高频交易策略的思考(5)

小草

1505

Followers

高频交易策略的思考(5)

HFT

Created 2023-08-09 18:13:16 Updated 2023-09-18 19:51:59

4500

上篇文章初步介绍了各种中间价的计算方法，并给出了一种中间价的修订，本文继续深入这个话题。

所需数据

订单流数据和十档的深度数据，来自于实盘收集，更新频率都是100ms。实盘的只包含买一卖一盘口数据是实时更新的，为了简洁，暂时不用。考虑到数据太大，只保留了10万行深度数据，并且把逐档行情也独立为单独的列。


            python
            
            
from datetime import date,datetime
import time
import pandas as pd
import numpy as np
import matplotlib.pyplot as plt
import ast
%matplotlib inline


            python
            
            
tick_size = 0.0001


            python
            
            
trades = pd.read_csv('YGGUSDT_aggTrade.csv',names=['type','event_time', 'agg_trade_id','symbol', 'price', 'quantity', 'first_trade_id', 'last_trade_id',
       'transact_time', 'is_buyer_maker'])


            python
            
            
trades = trades.groupby(['transact_time','is_buyer_maker']).agg({
    'transact_time':'last',
    'agg_trade_id': 'last',
    'price': 'first',
    'quantity': 'sum',
    'first_trade_id': 'first',
    'last_trade_id': 'last',
    'is_buyer_maker': 'last',
})


            python
            
            
trades.index = pd.to_datetime(trades['transact_time'], unit='ms')
trades.index.rename('time', inplace=True)
trades['interval'] = trades['transact_time'] - trades['transact_time'].shift()


            python
            
            
depths = pd.read_csv('YGGUSDT_depth.csv',names=['type','event_time', 'transact_time','symbol', 'u1', 'u2', 'u3', 'bids','asks'])


            python
            
            
depths = depths.iloc[:100000]


            python
            
            
depths['bids'] = depths['bids'].apply(ast.literal_eval).copy()
depths['asks'] = depths['asks'].apply(ast.literal_eval).copy()


            python
            
            
def expand_bid(bid_data):
    expanded = {}
    for j, (price, quantity) in enumerate(bid_data):
        expanded[f'bid_{j}_price'] = float(price)
        expanded[f'bid_{j}_quantity'] = float(quantity)
    return pd.Series(expanded)
def expand_ask(ask_data):
    expanded = {}
    for j, (price, quantity) in enumerate(ask_data):
        expanded[f'ask_{j}_price'] = float(price)
        expanded[f'ask_{j}_quantity'] = float(quantity)
    return pd.Series(expanded)
# 应用到每一行，得到新的df
expanded_df_bid = depths['bids'].apply(expand_bid)
expanded_df_ask = depths['asks'].apply(expand_ask)
# 在原有df上进行扩展
depths = pd.concat([depths, expanded_df_bid, expanded_df_ask], axis=1)


            python
            
            
depths.index = pd.to_datetime(depths['transact_time'], unit='ms')
depths.index.rename('time', inplace=True);


            python
            
            
trades = trades[trades['transact_time'] < depths['transact_time'].iloc[-1]]

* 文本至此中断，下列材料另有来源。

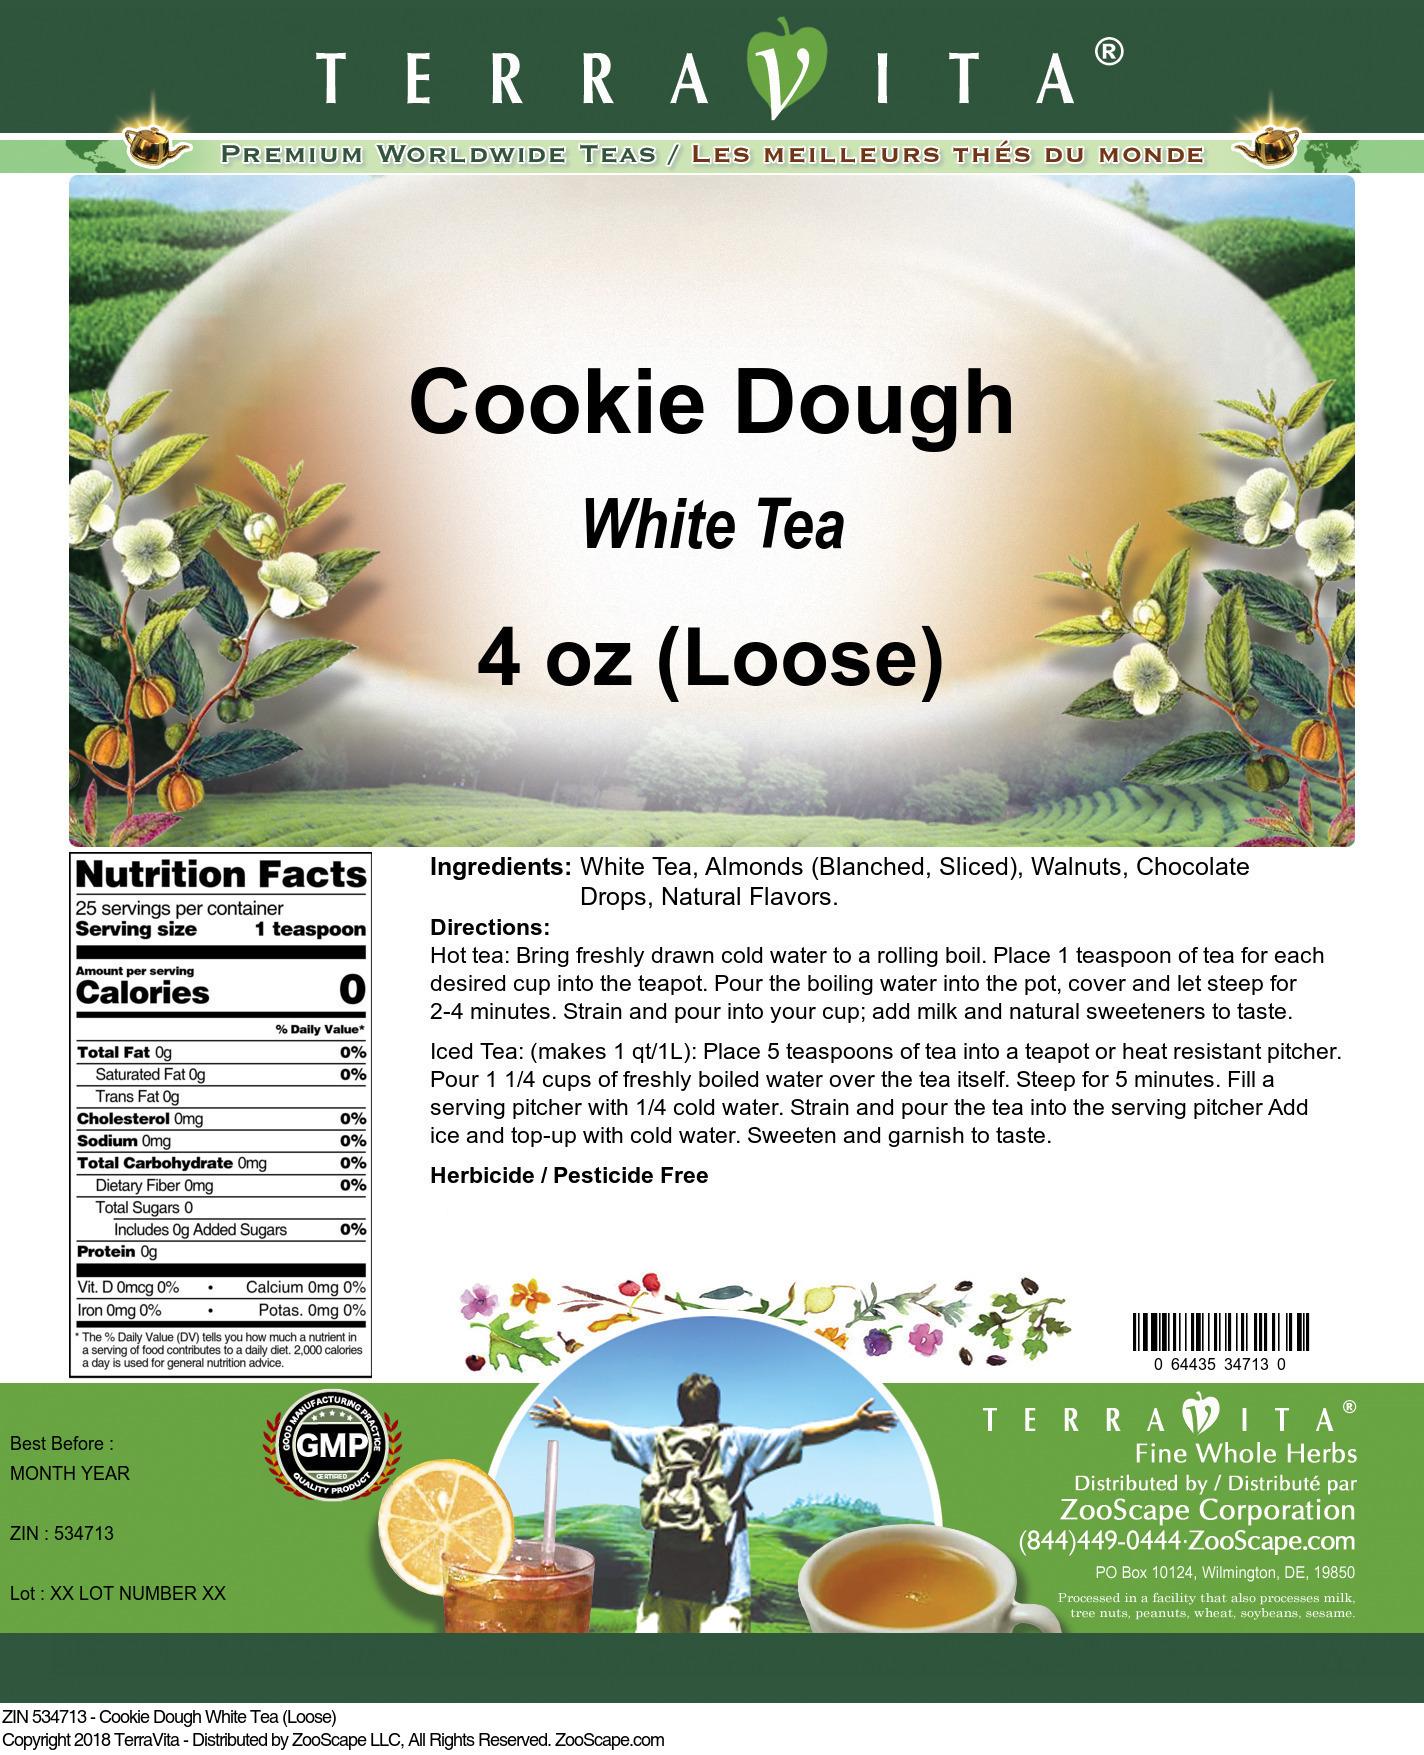 Cookie Dough White Tea (Loose)

先看下这20档档行情的分布，符合预期，距离盘口越远，一般挂单也多，且买单挂单和卖单挂单大致对称。


            python
            
            
bid_mean_list = []
ask_mean_list = []
for i in range(20):
    bid_mean_list.append(round(depths[f'bid_{i}_quantity'].mean(),0))
    ask_mean_list.append(round(depths[f'ask_{i}_quantity'].mean(),0))
plt.figure(figsize=(10, 5))
plt.plot(bid_mean_list);
plt.plot(ask_mean_list);
plt.grid(True)

把深度数据和成交数据进行合并，方便评估预测的准确性。这里保证成交数据都是晚于深度数据，在不考虑延时的情况下,直接计算预测值与实际成交价的均方误差。用于衡量预测的准确度。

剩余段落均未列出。